:: RAW DATA

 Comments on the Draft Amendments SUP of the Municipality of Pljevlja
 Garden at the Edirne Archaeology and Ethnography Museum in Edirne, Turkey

::::
:: RAW DATA

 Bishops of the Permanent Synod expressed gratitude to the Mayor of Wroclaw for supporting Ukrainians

::::
:: RAW DATA

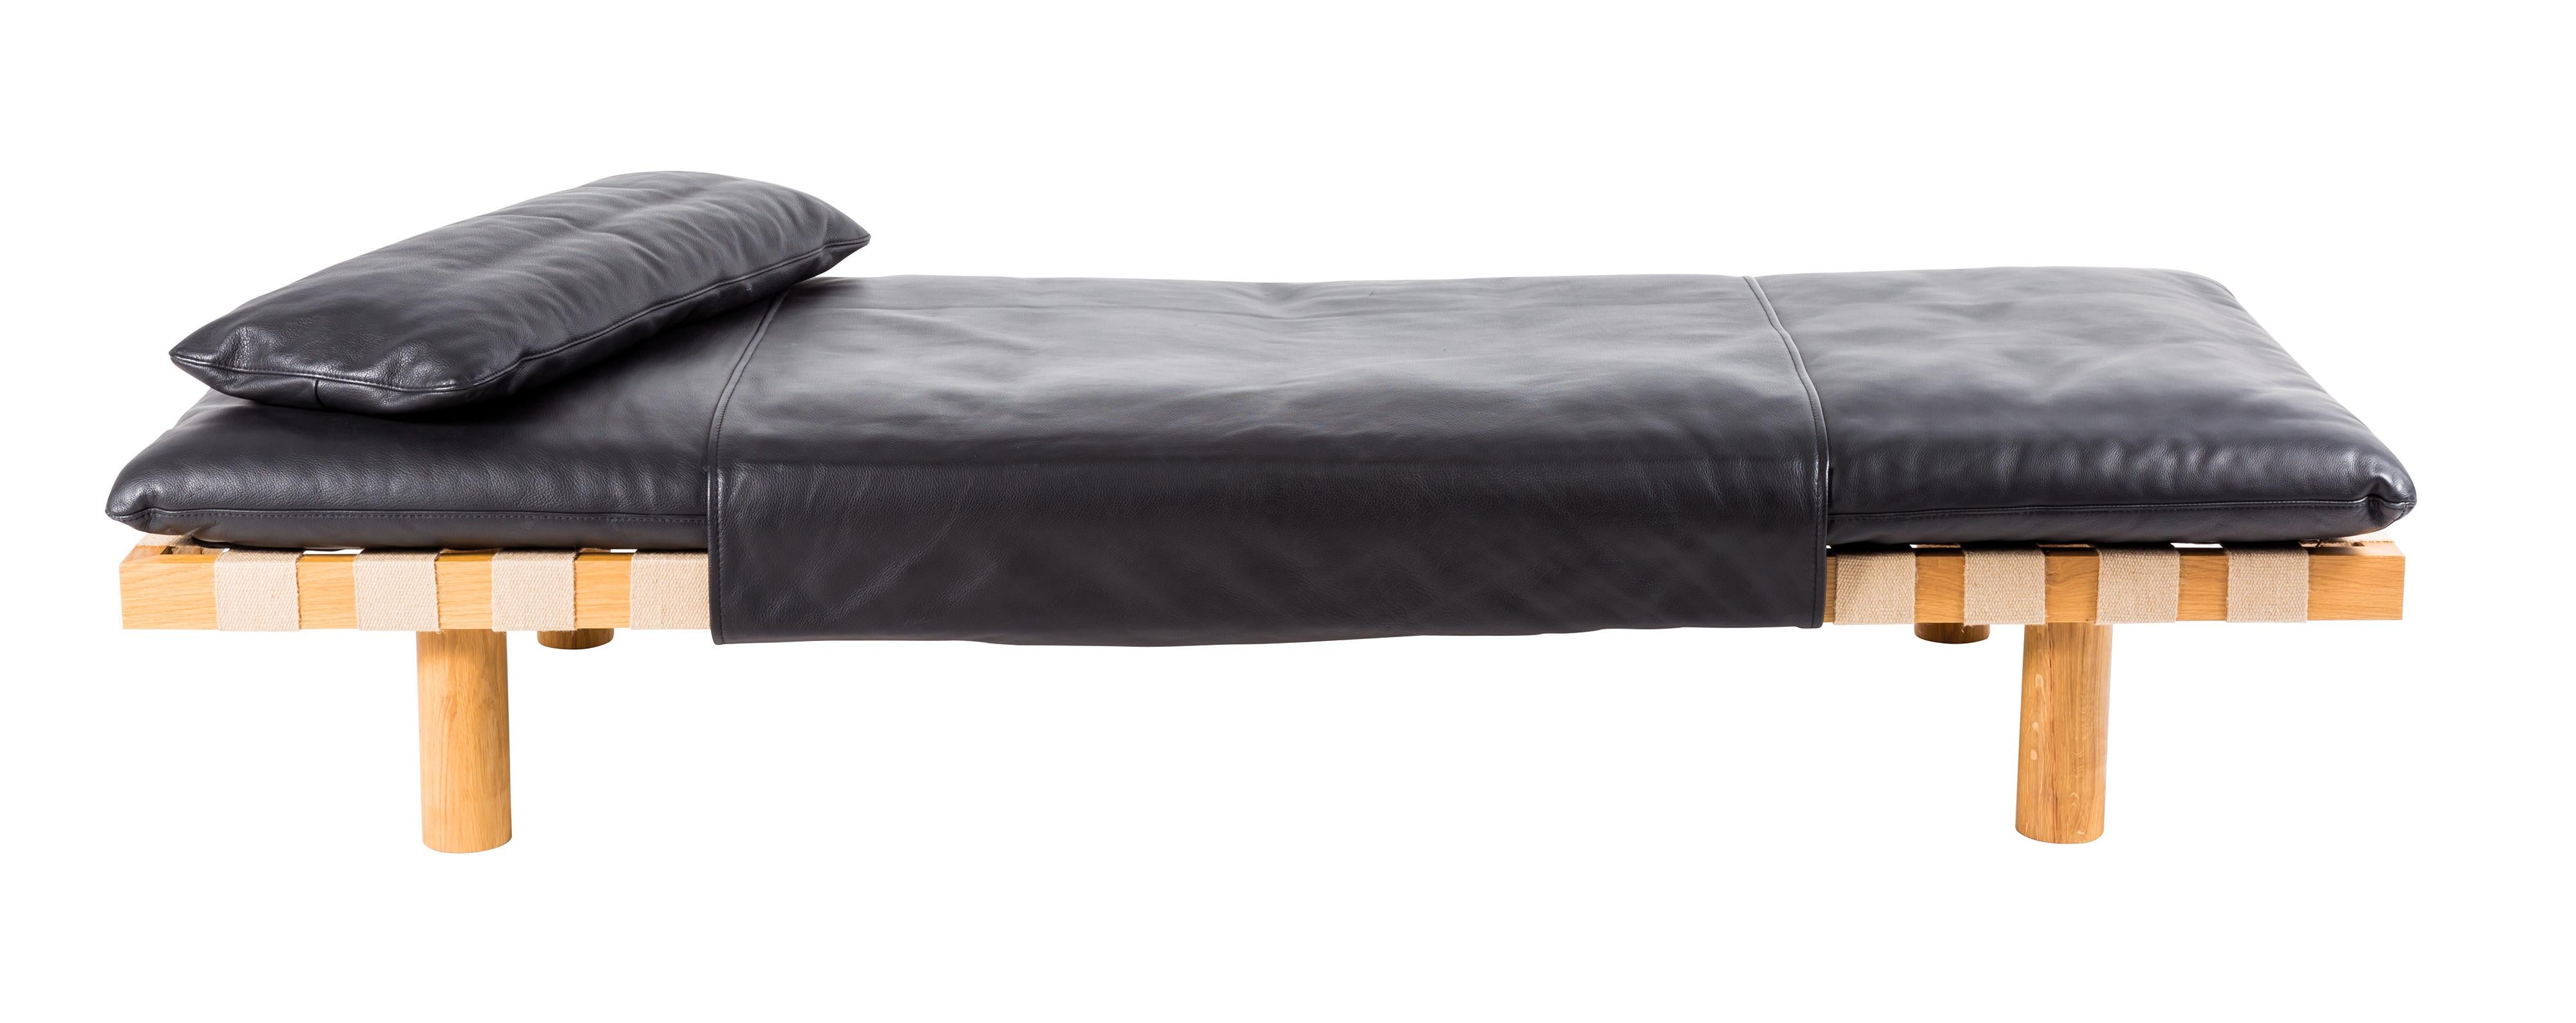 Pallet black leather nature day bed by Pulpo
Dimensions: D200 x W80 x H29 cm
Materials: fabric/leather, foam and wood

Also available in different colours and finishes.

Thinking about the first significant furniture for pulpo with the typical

::::

## [WHAT TO DO]
Take the records above and return, word for word, only the lines that fall from the line with "Materials: fabric/leather, foam and wood" to the line with "Thinking about the", both of them included.

## [RESPONSE TO THE TASK]
Materials: fabric/leather, foam and wood

Also available in different colours and finishes.

Thinking about the first significant furniture for pulpo with the typical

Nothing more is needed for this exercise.